Digital health technology and services are fastly growing, offering a wide new range of connected devices, transforming and personalising the way care is delivered. Information and data generated by medical technologies, paired with the advances in AI should play a vital role in improving health outcomes and making health systems more efficient. How are innovative companies, large and small, adapting their business models? How do they deal with the flow of data and the legal and regulatory related issues?
MedTech & digital industry: Which grounds for collaboration?
The MedTech sector has been subject to a substantial transformation during the past decade due to the arrival of new digital technologies and is now facing a growing inspiration from digital disrupters and tech giants expanding their healthcare reach through mergers and acquisitions. As more collaboration and integration across companies and sectors will be a vital part of the next wave of innovation what are the recent trends in jointly developing cutting-edge medical devices technologies? To what extent are MedTech and digital industry working together to deliver new products and services for patients?

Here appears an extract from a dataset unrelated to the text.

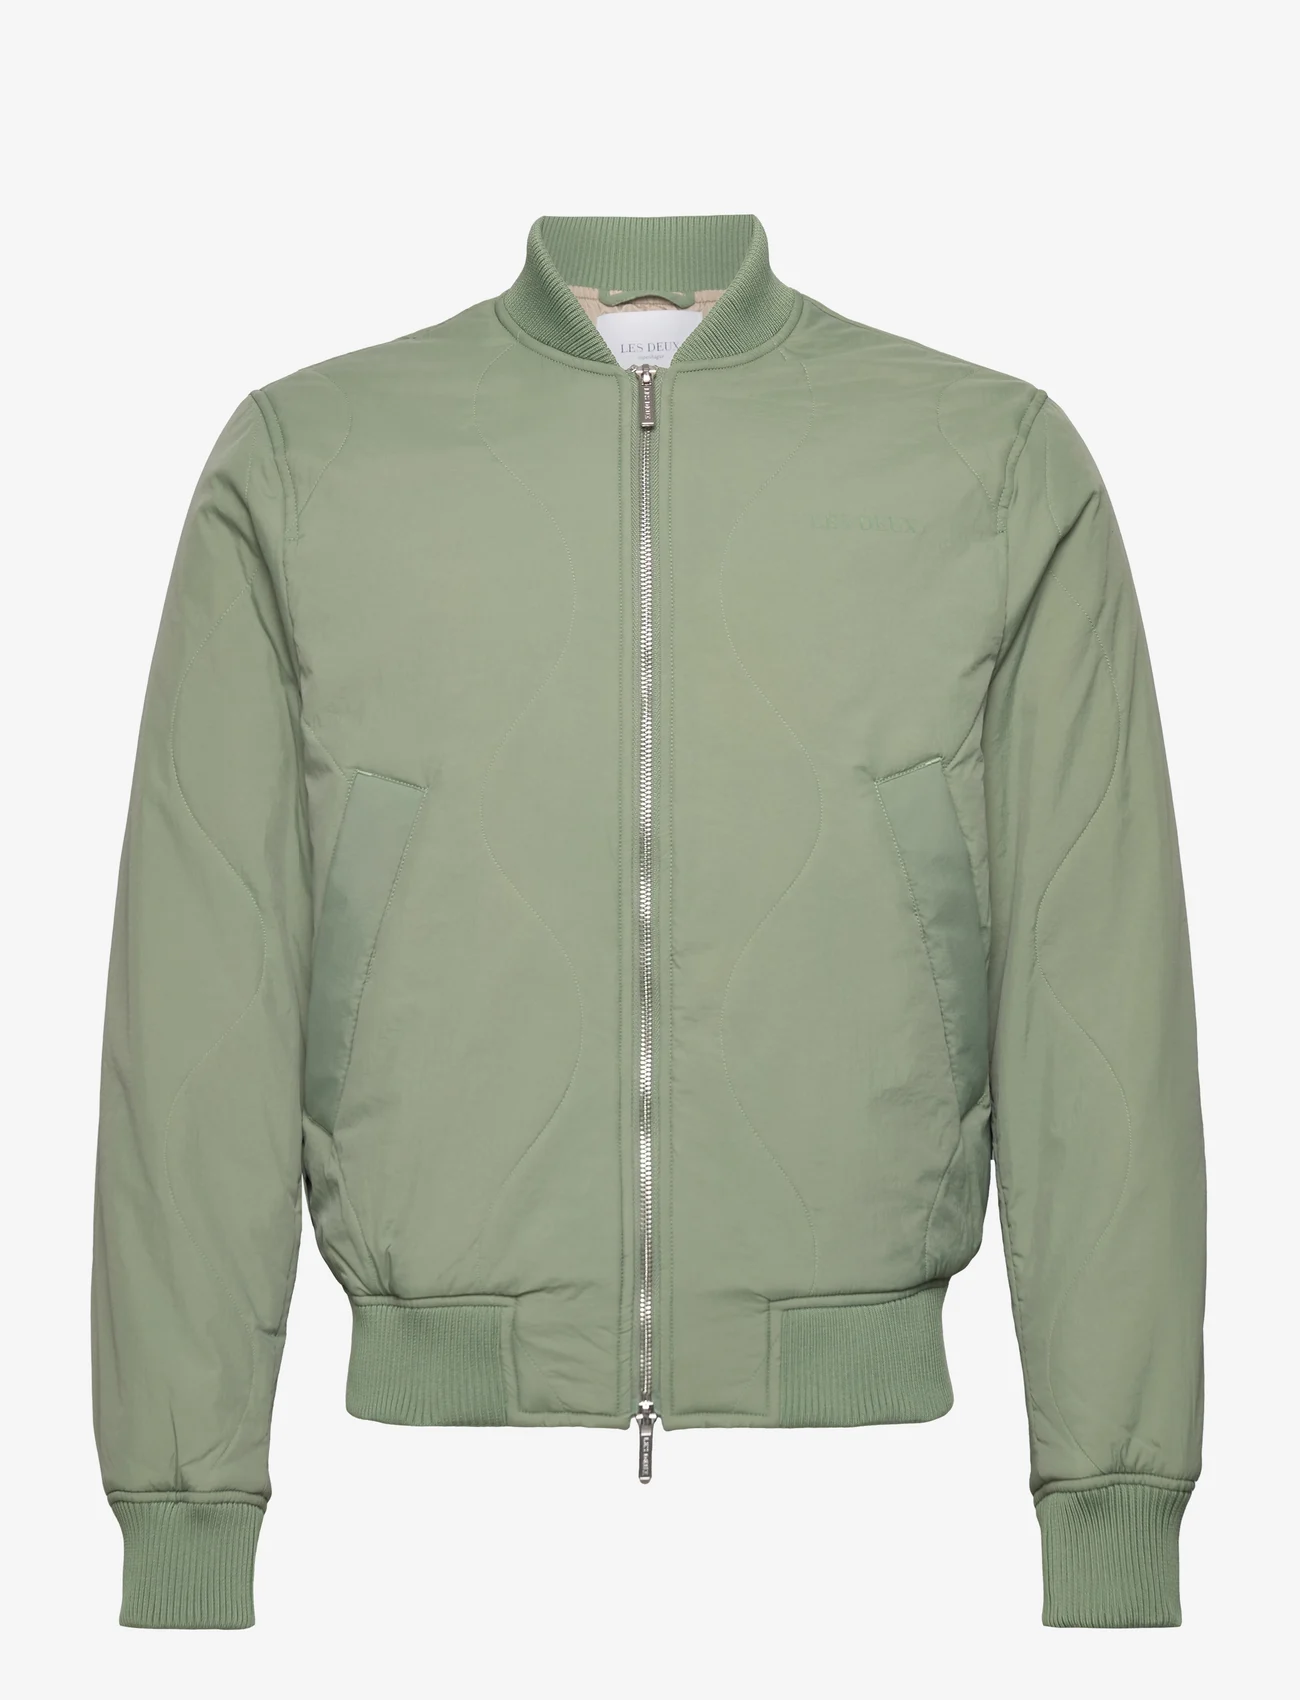 Les Deux - Norman Quilted Bomber Jacket - spring jackets - hegde green - 0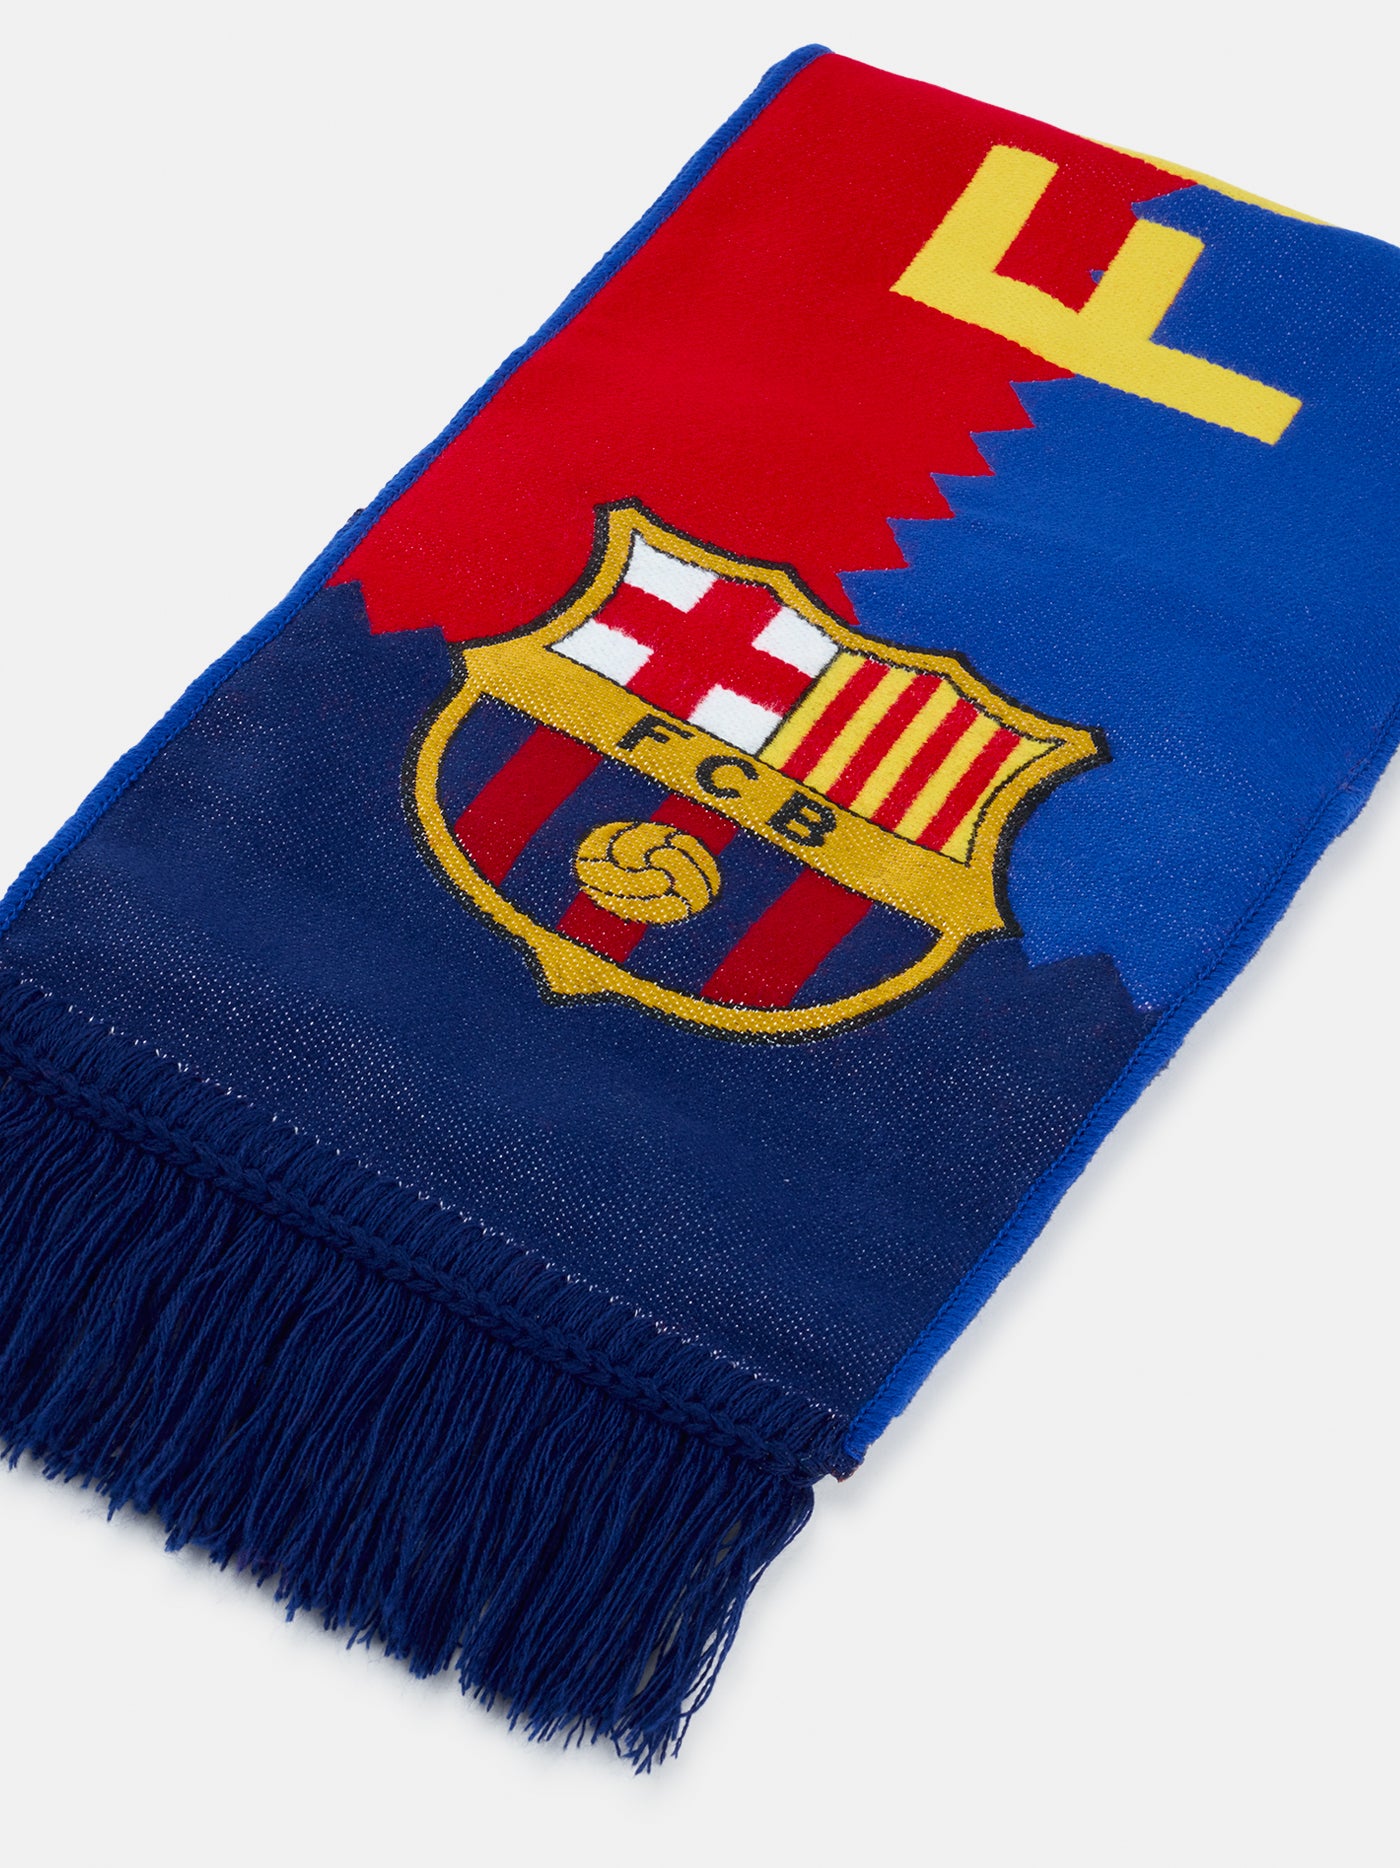 FC Barcelona blaugrana scarf

Which collaborative models are emerging? What are the successful examples, benefits, limits and constraints to these collaborations?
How do IT tools contribute to accelerate the process of completing clinical trials in the MedTech sector?
Clinical data and evaluation of that clinical data is an explicitly defined legal requirement for medical devices. Solutions to fast-track market access may emerge from wearables and data analytics programs and allow a stronger and more efficient patient engagement and monitoring. What impact and scalability do these IT solutions have on the medical device clinical trial design? How are they integrated in the market access strategies of MedTech players?